GOAL OF THE EXERCISE:
Would you repeat the listing below verbatim and drop the images?

DATASET SECTION:

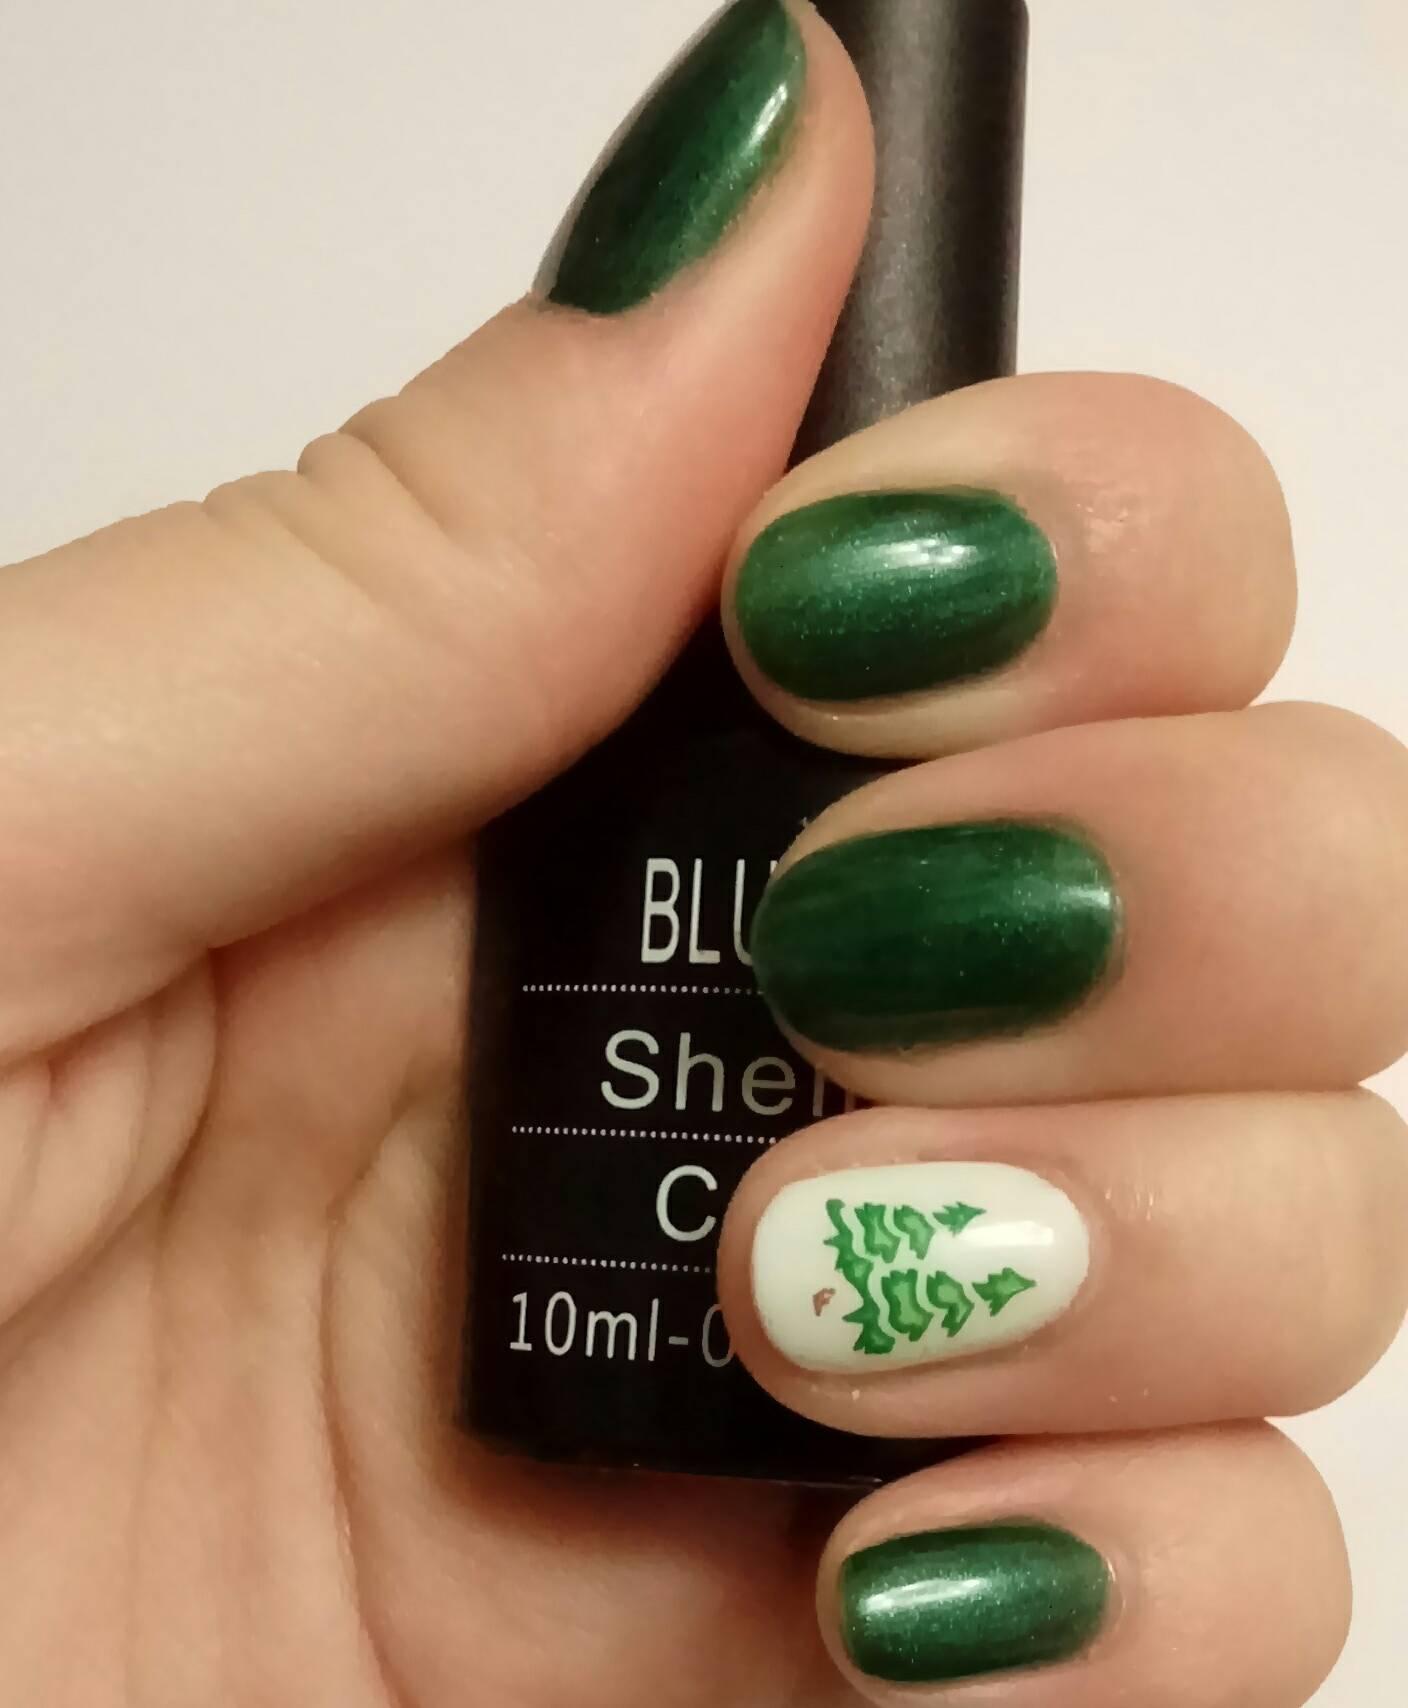 Зеленый shellac-маникюр
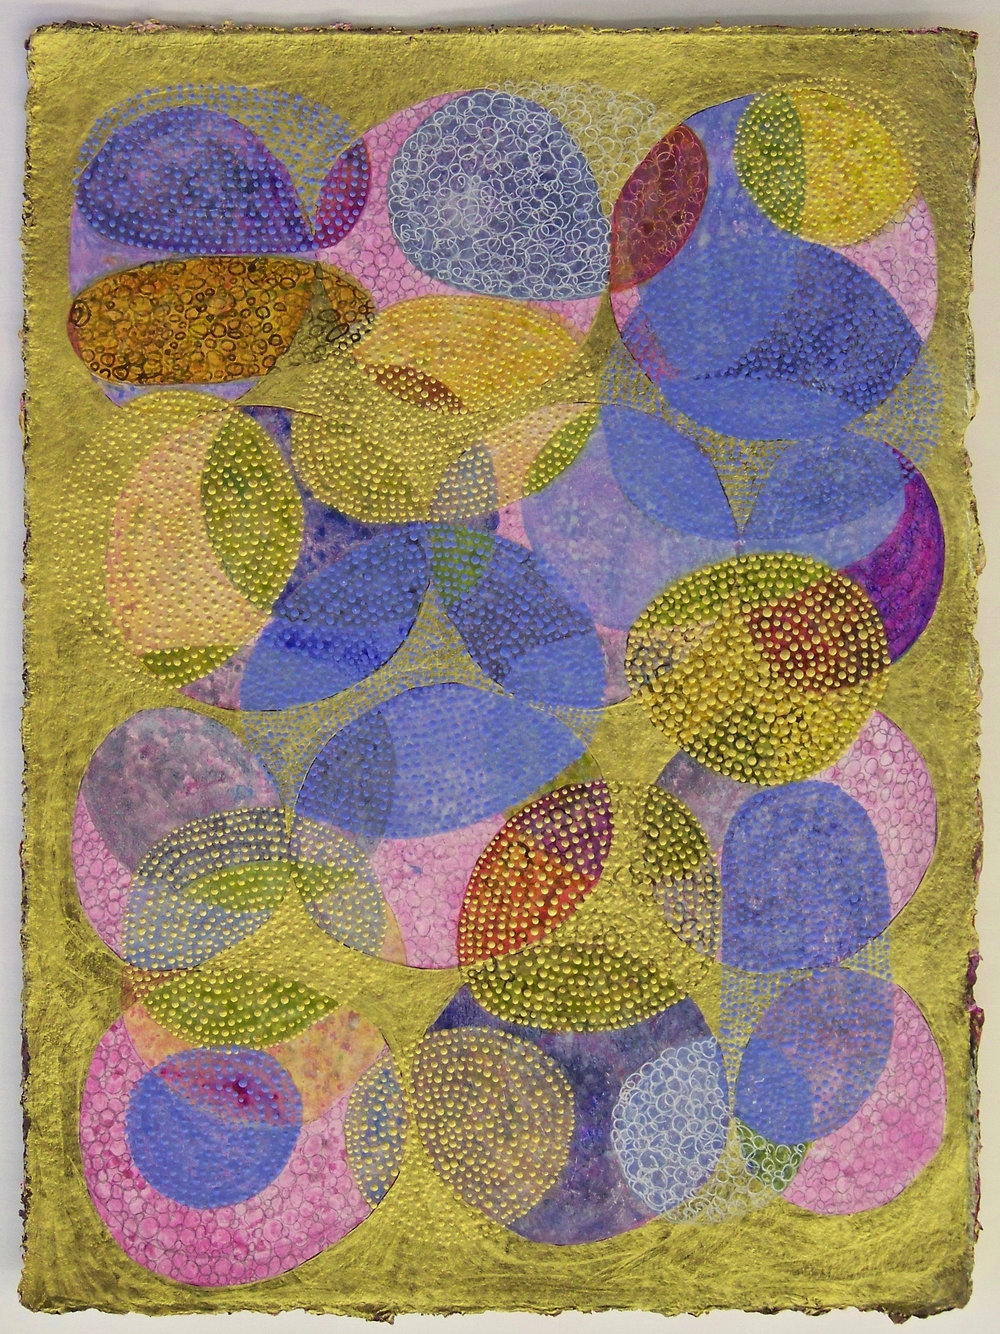 D. Driscoll,  Inner Garden 04 , acrylic on paper, 16x12
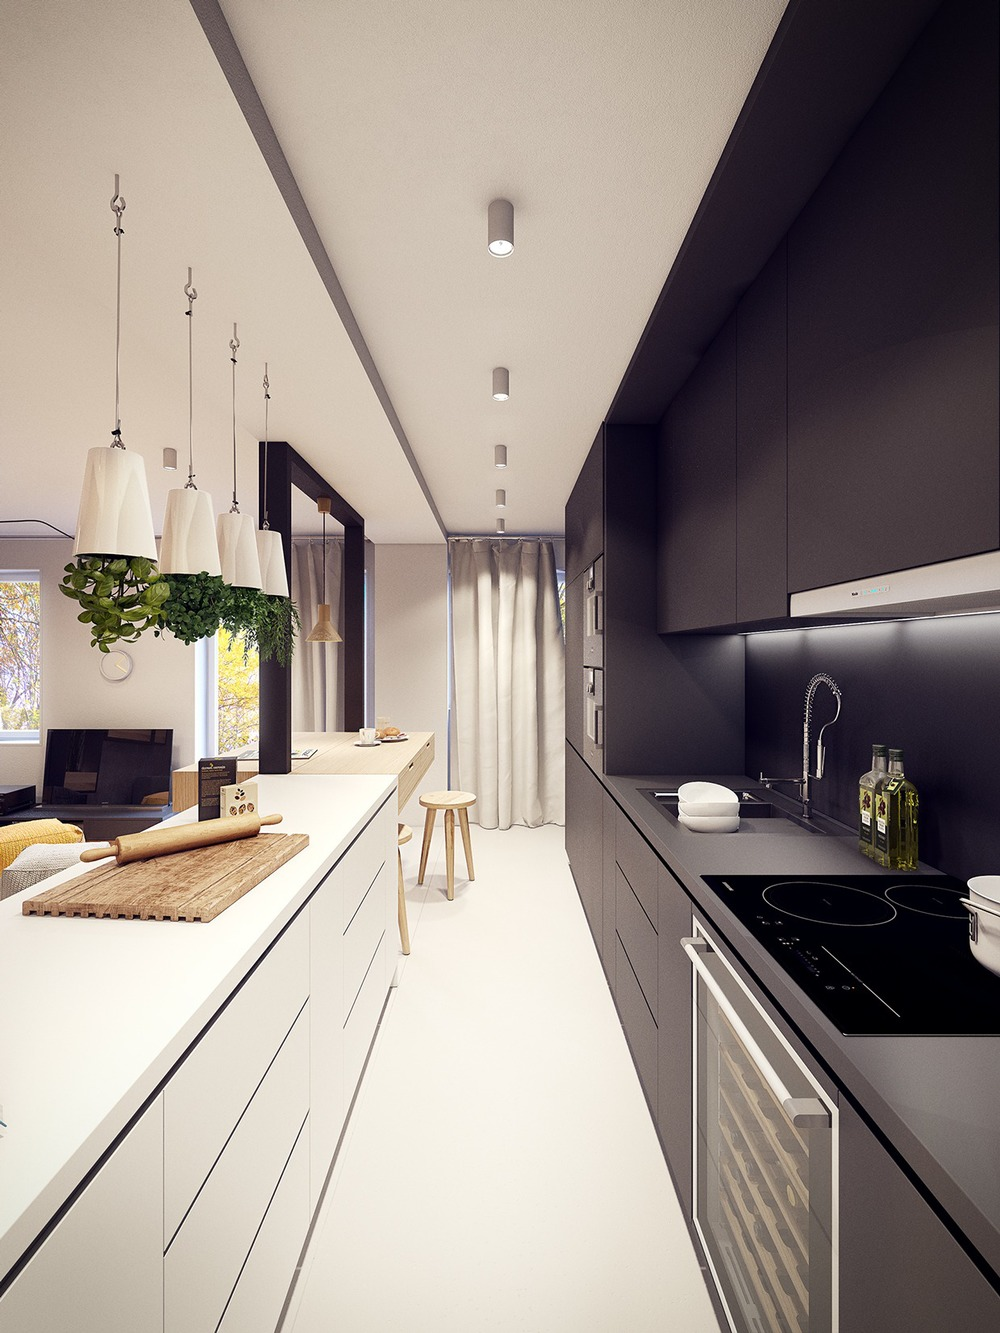 creative-sleek-kitchen.jpg

SOLUTION TO THIS TASK:
 Зеленый shellac-маникюр
 D. Driscoll,  Inner Garden 04 , acrylic on paper, 16x12
 creative-sleek-kitchen.jpg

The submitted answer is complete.